Without the pictures, repeat the listing character for character.

BEGIN Information shown

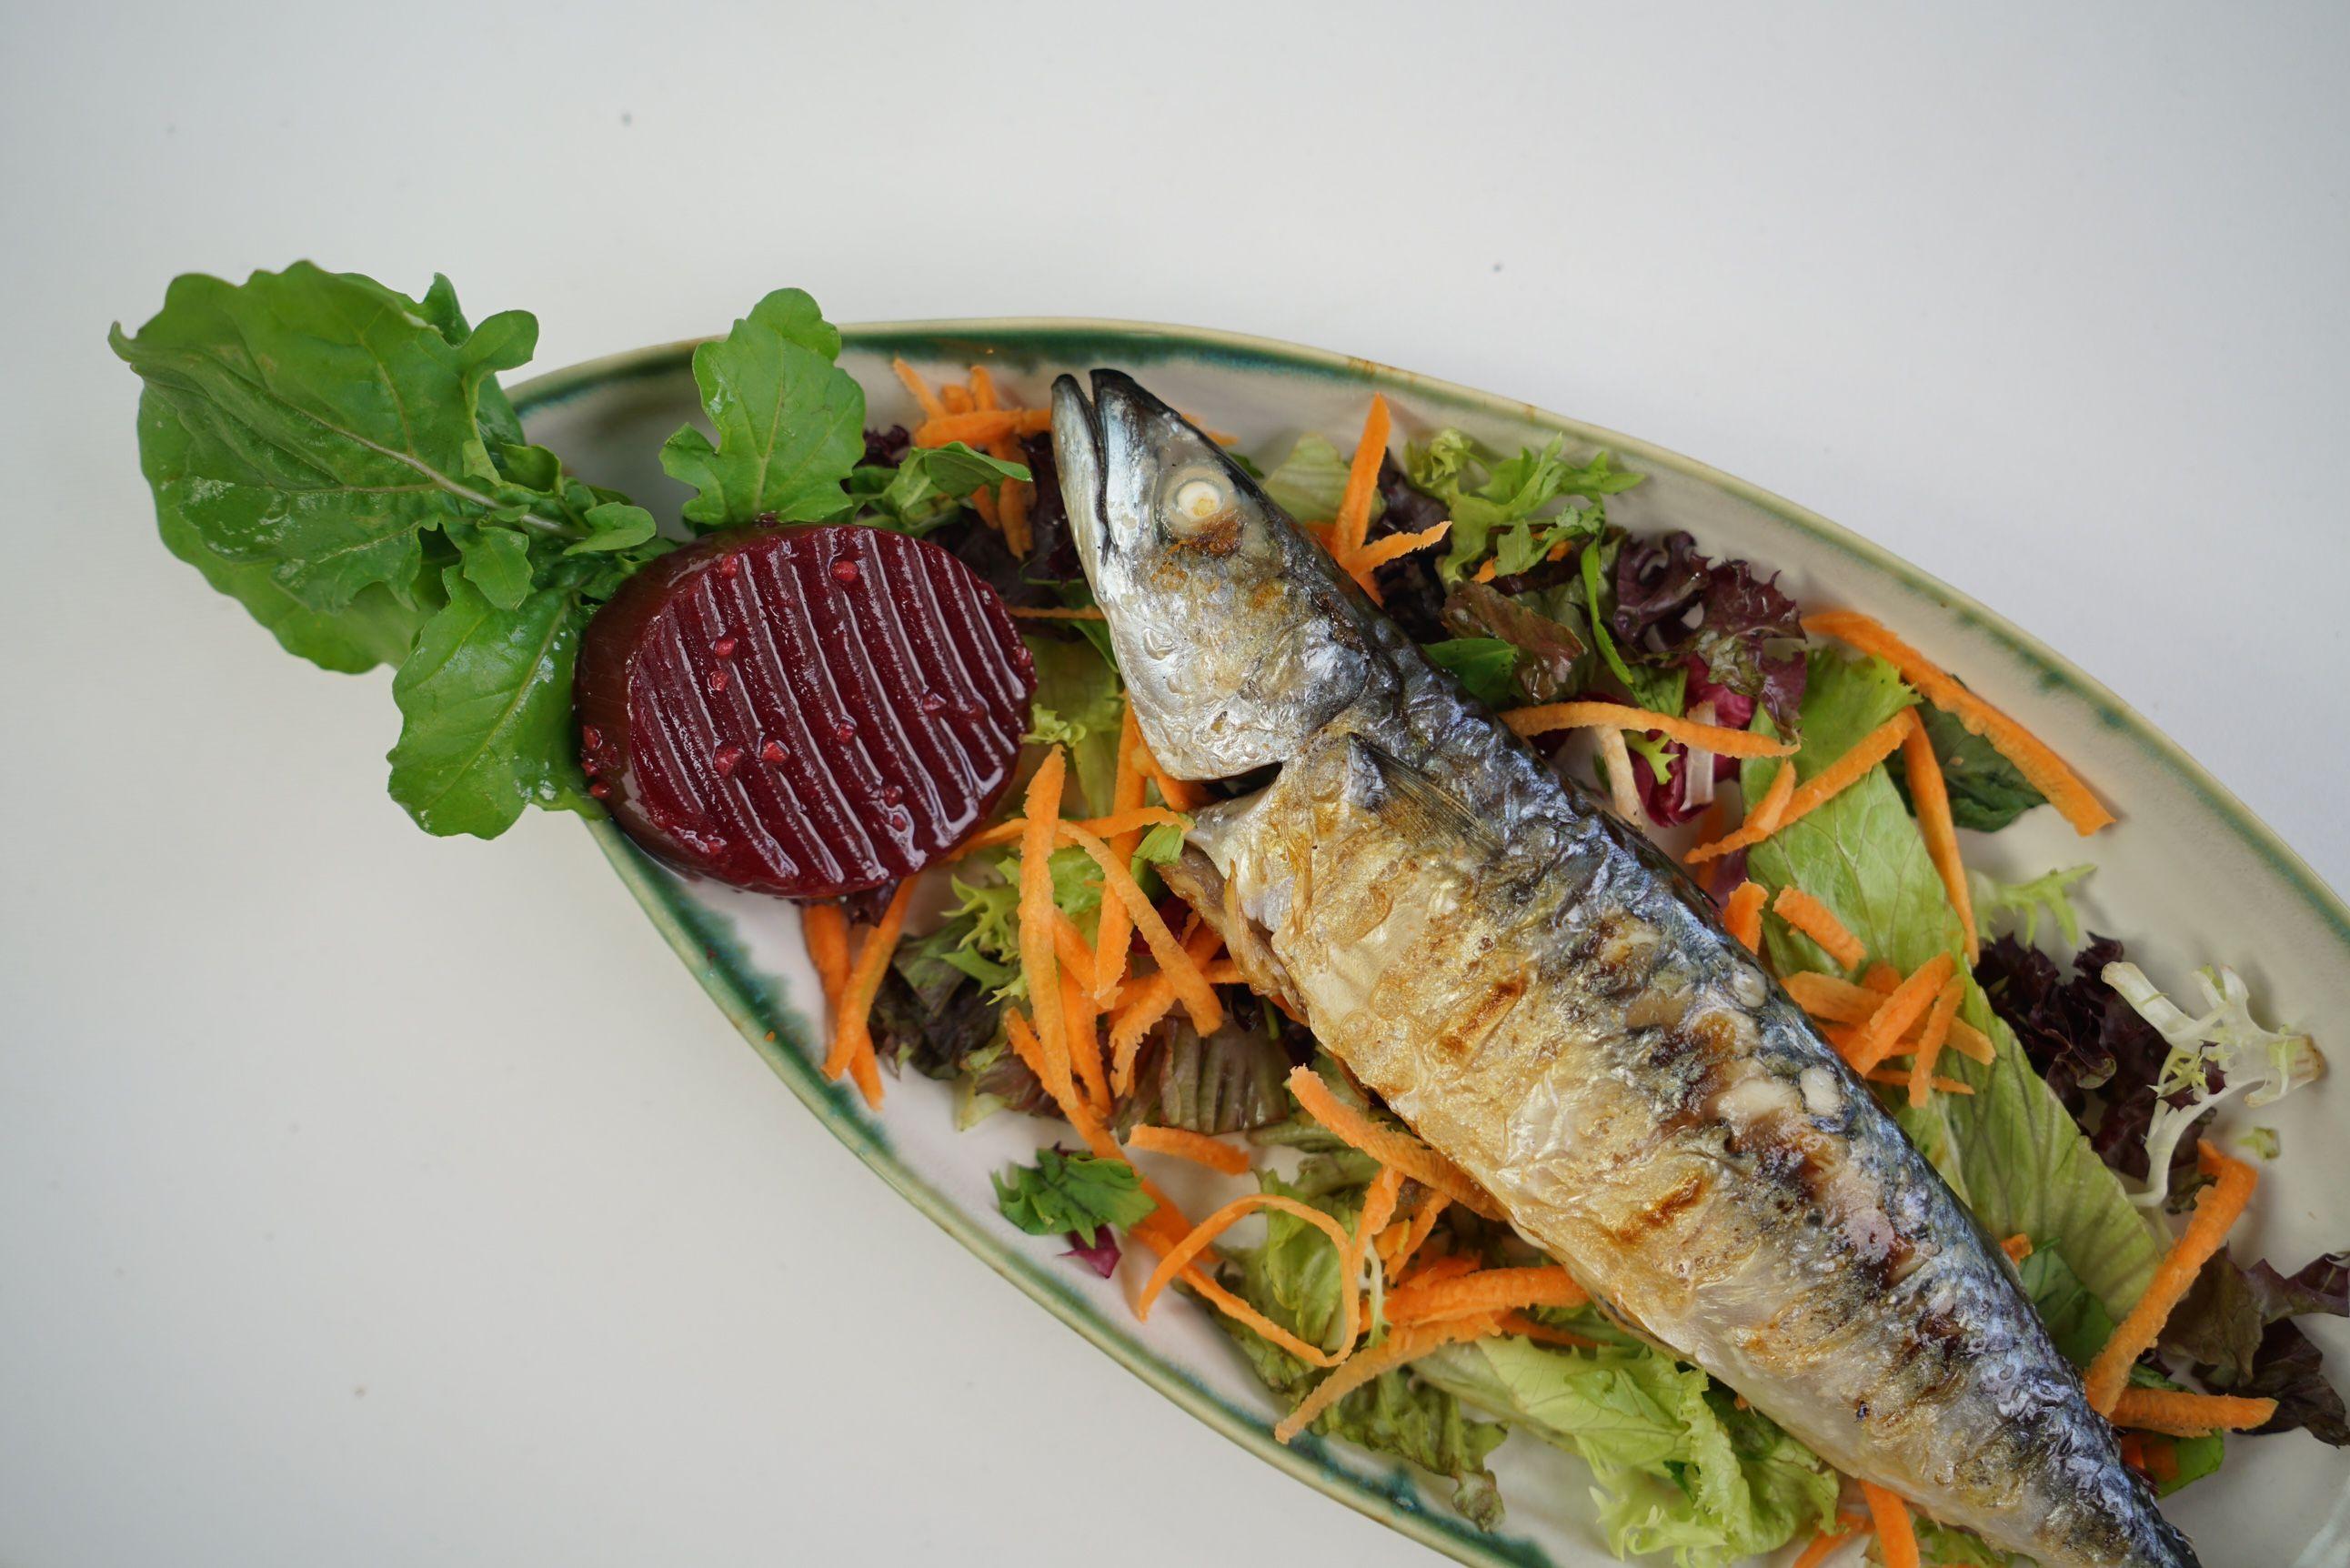 Malzemeler 1 adet uskumru balığı 4 yemek kaşığı zeytinyağı 2 adet defne  yaprağı 3-4 adet tane karab… | Gıda, Balık tarifleri, Food blogs
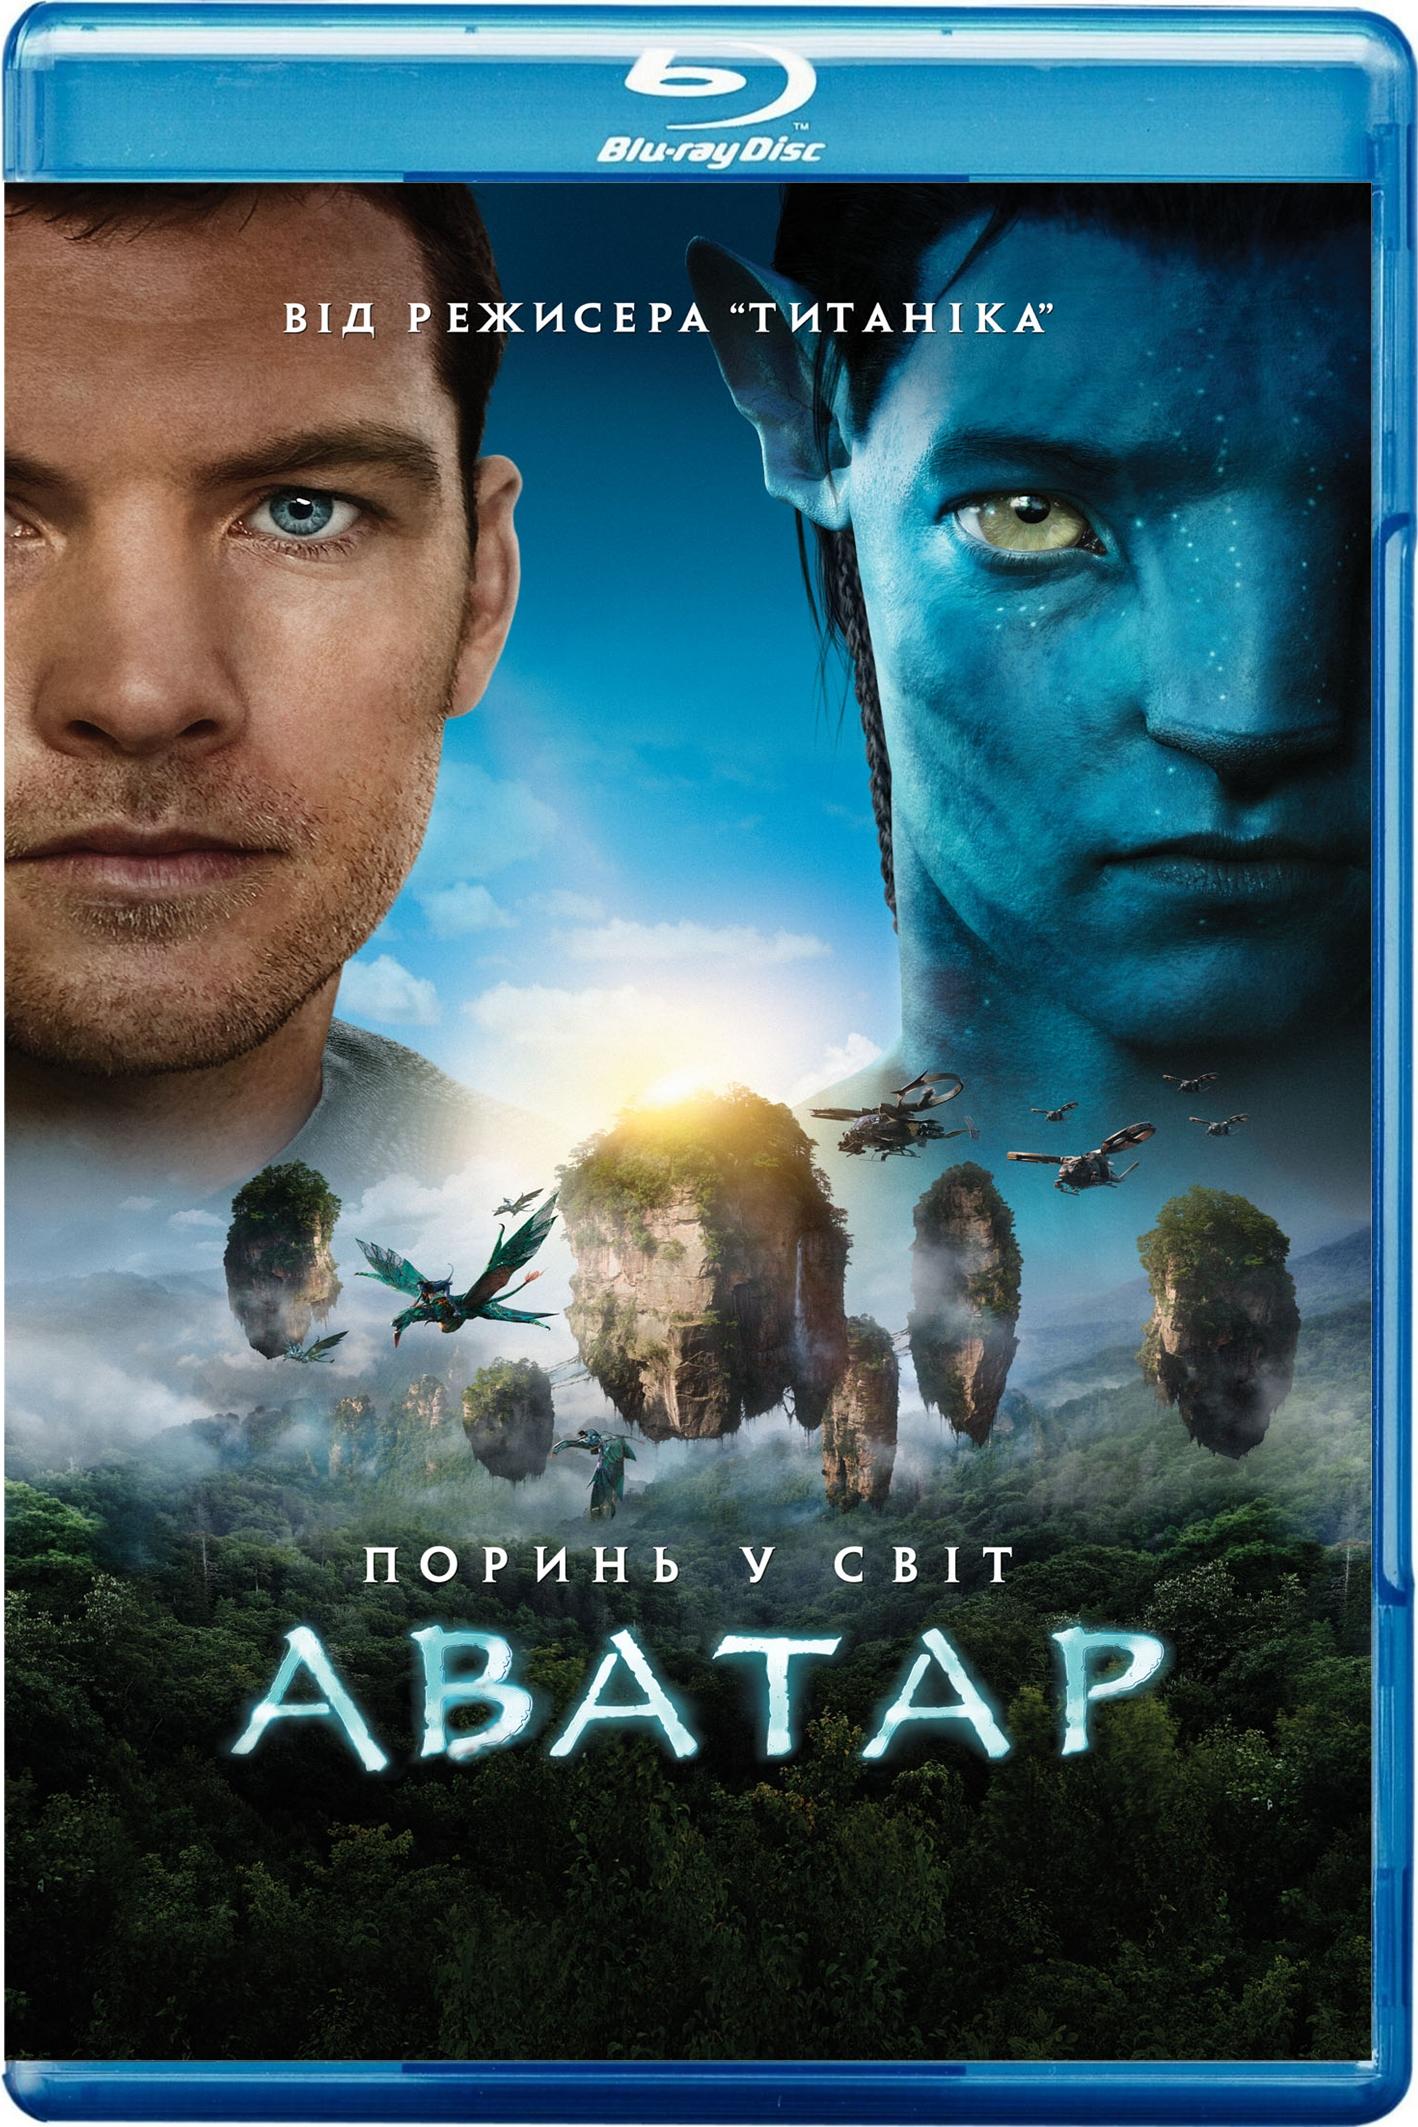 Изображение для Аватар [театральна версія] / Avatar (2009) BDRip 720p (60fps) [Ukr/Eng] (кликните для просмотра полного изображения)
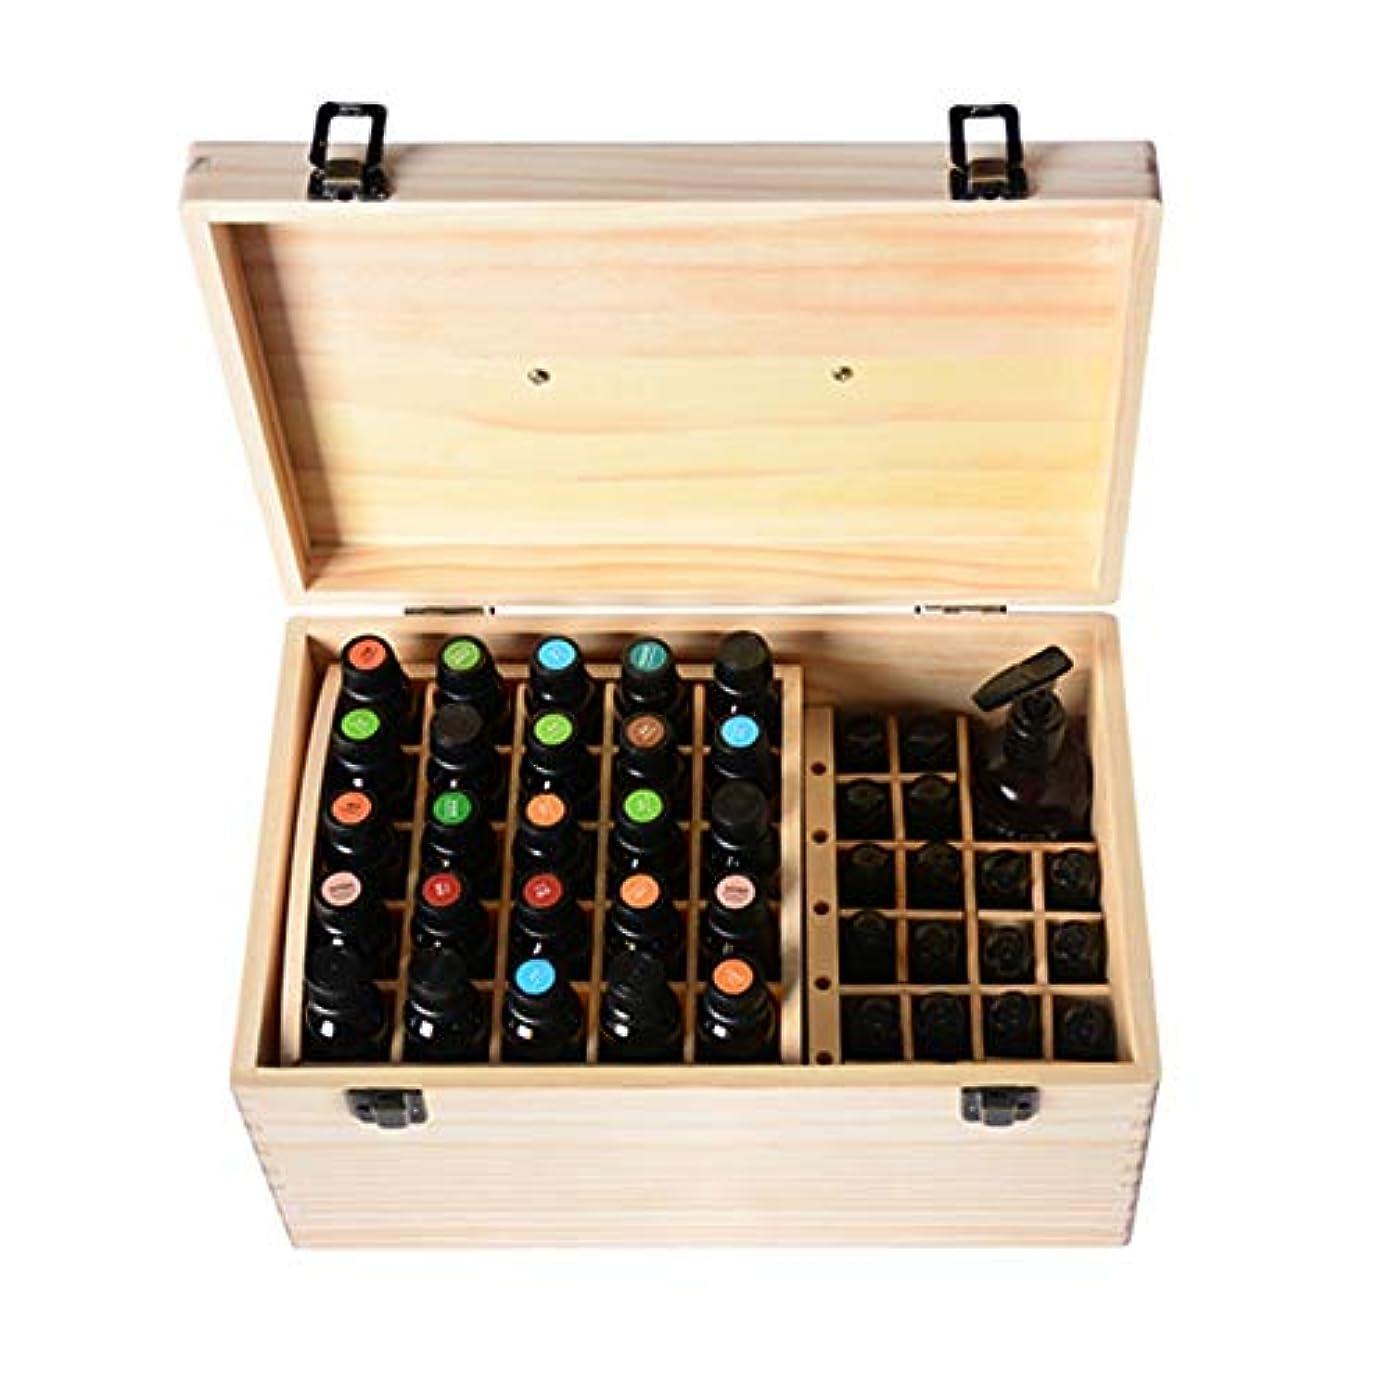 レイモバイル流行精油ケース 74スロット木エッセンシャルオイルボックス収納ケース内部のリムーバブルは15/10 M1のボトルナチュラルパインを開催します 携帯便利 (色 : Natural, サイズ : 35X20X16.5CM)

END Information shown

* Result of this exercise *
 Malzemeler 1 adet uskumru balığı 4 yemek kaşığı zeytinyağı 2 adet defne  yaprağı 3-4 adet tane karab… | Gıda, Balık tarifleri, Food blogs
 Изображение для Аватар [театральна версія] / Avatar (2009) BDRip 720p (60fps) [Ukr/Eng] (кликните для просмотра полного изображения)
 レイモバイル流行精油ケース 74スロット木エッセンシャルオイルボックス収納ケース内部のリムーバブルは15/10 M1のボトルナチュラルパインを開催します 携帯便利 (色 : Natural, サイズ : 35X20X16.5CM)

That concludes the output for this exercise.